For all the attention on who will win the 2026 World Cup, the tournament is quietly becoming a referendum on a less glamorous question: can online betting platforms actually keep children off them when demand surges? A new study from identity-verification firm Jumio puts numbers to the anxiety. Surveying 8,003 adults across the United States, United Kingdom, Singapore, and Mexico, it found that 63 percent worry minors will use sports betting apps during the tournament — and that 74 percent believe the responsibility for stopping them lies with the platforms and their technology providers, not with parents or the minors themselves.
Why a tournament stresses verification
Age and identity verification is invisible when it works and catastrophic when it fails, and a World Cup pushes it to the edge in a way ordinary trading does not. The mechanism is volume. A marquee tournament drives a steep, concentrated wave of new sign-ups as casual fans create accounts to bet on the games they are already watching. Every one of those new accounts is a verification decision: is this a real person, are they who they say they are, are they of legal age, and are they not self-excluded? Multiply that decision by a sudden surge, sustain it across a 39-day event with matches almost every day, and you have what industry observers are calling one of the largest live tests yet of whether digital verification can hold.
The test has two failure modes, and they pull in opposite directions. Verify too loosely and minors and excluded players slip through — the harm the Jumio respondents fear. Verify too aggressively and legitimate adults abandon sign-up halfway through a clunky check, pushing them toward operators with looser controls. The whole challenge is keeping minors out without making the front door so heavy that real users walk to a worse-regulated one next door.

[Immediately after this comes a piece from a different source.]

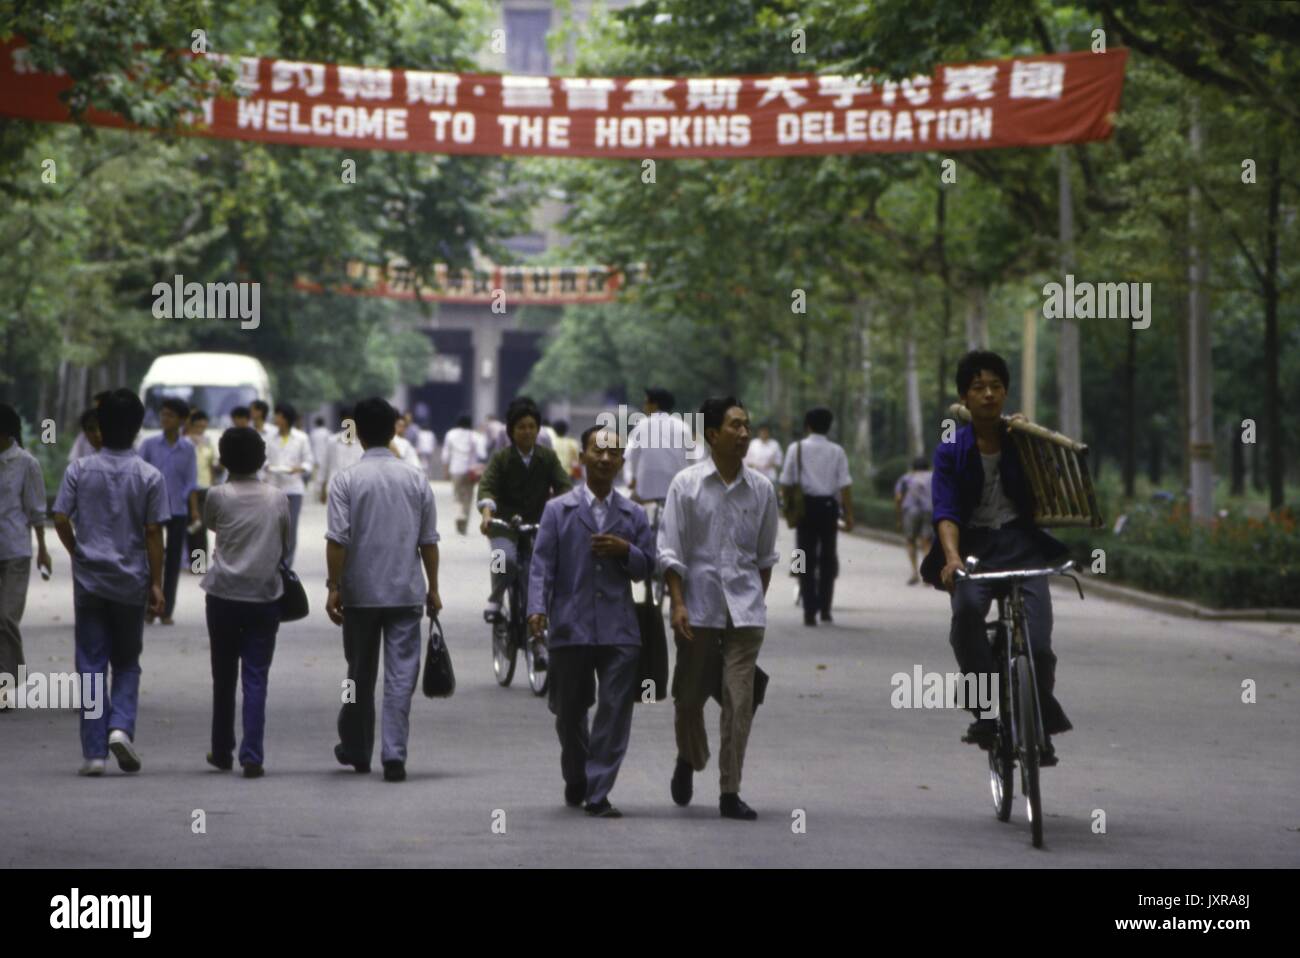 Centre de Nanjing, l'ISC, Hopkins Délégation Nanjing Street scene de personnes à pied et bicyclette sous une bannière pour la délégation Hopkins, 1986. Banque D'Images

What "robust" verification looks like now
The era of a single ID upload as sufficient proof is over. A modern iGaming verification stack is layered, and each layer answers a different attack. Document authenticity verification confirms the ID itself is genuine. Biometric matching with liveness detection confirms a real, present person is holding it — not a photo of a photo. Deepfake detection defeats the synthetic faces and documents that generative tools now make cheap. Database cross-referencing checks the identity against external records, and integration with self-exclusion registries ensures that someone who has asked to be kept out stays out. The point of the stack is to answer four questions at once — real, who they claim, old enough, not excluded — while adding as little friction as the regulator's risk tolerance allows.
The hard part was never checking an ID. It is checking it for millions of new users in six weeks, catching the deepfakes and the borrowed documents, and not losing the legitimate adult who just wanted to bet on the match.
On the engineering reality of verification at tournament scaleOne finding in the Jumio data points to where this is heading: 49 percent of World Cup bettors said they are comfortable providing a government-issued ID and biometric data to access gambling platforms. That is not a majority, but it is a striking level of acceptance for biometric checks that would have drawn far more resistance a few years ago. As the tooling normalizes, the friction objection weakens, and the case for heavier verification on the licensed side strengthens.
Where PAGCOR and the Philippines fit
The Philippine licensed market already operates inside this logic. PAGCOR enforces a Know-Your-Customer policy intended to bar unauthorized and underage individuals from licensed gaming, and it has gone as far as voiding winnings placed by unauthorized bettors. Licensed operators run identity and age checks as a condition of holding their license, and the broader responsible-gaming build-out — the helpline, the operator alliance, the tightening rules — assumes a verified, accountable player at the other end.
Which is exactly why the verification debate, in the Philippine context, resolves into the same conclusion as almost every consumer-protection question on this site: the danger is not the licensed front door, it is the unlicensed back alley. The fake betting sites proliferating around the World Cup — the ones harvesting passport scans under the guise of KYC — run no genuine age verification at all. A minor turned away by a licensed operator's biometric check can walk into an offshore site with nothing more than a tickbox claiming to be 21. No Philippine safeguard reaches that site, and no amount of domestic verification engineering changes what happens off the licensed grid.
The bottom line
The 2026 World Cup will generate a natural experiment that no regulator could have designed: tens of millions of verification decisions, compressed into six weeks, under maximum commercial pressure. The Jumio numbers show the public has already decided where accountability lies — with the platforms. For the Philippines, the lesson is less about building better checks on the licensed side, where the incentives and the regulator already point that way, and more about the unverified offshore market that the World Cup will pull people toward. Keeping minors out of betting is, in the end, inseparable from keeping everyone inside the licensed perimeter where the checks actually exist.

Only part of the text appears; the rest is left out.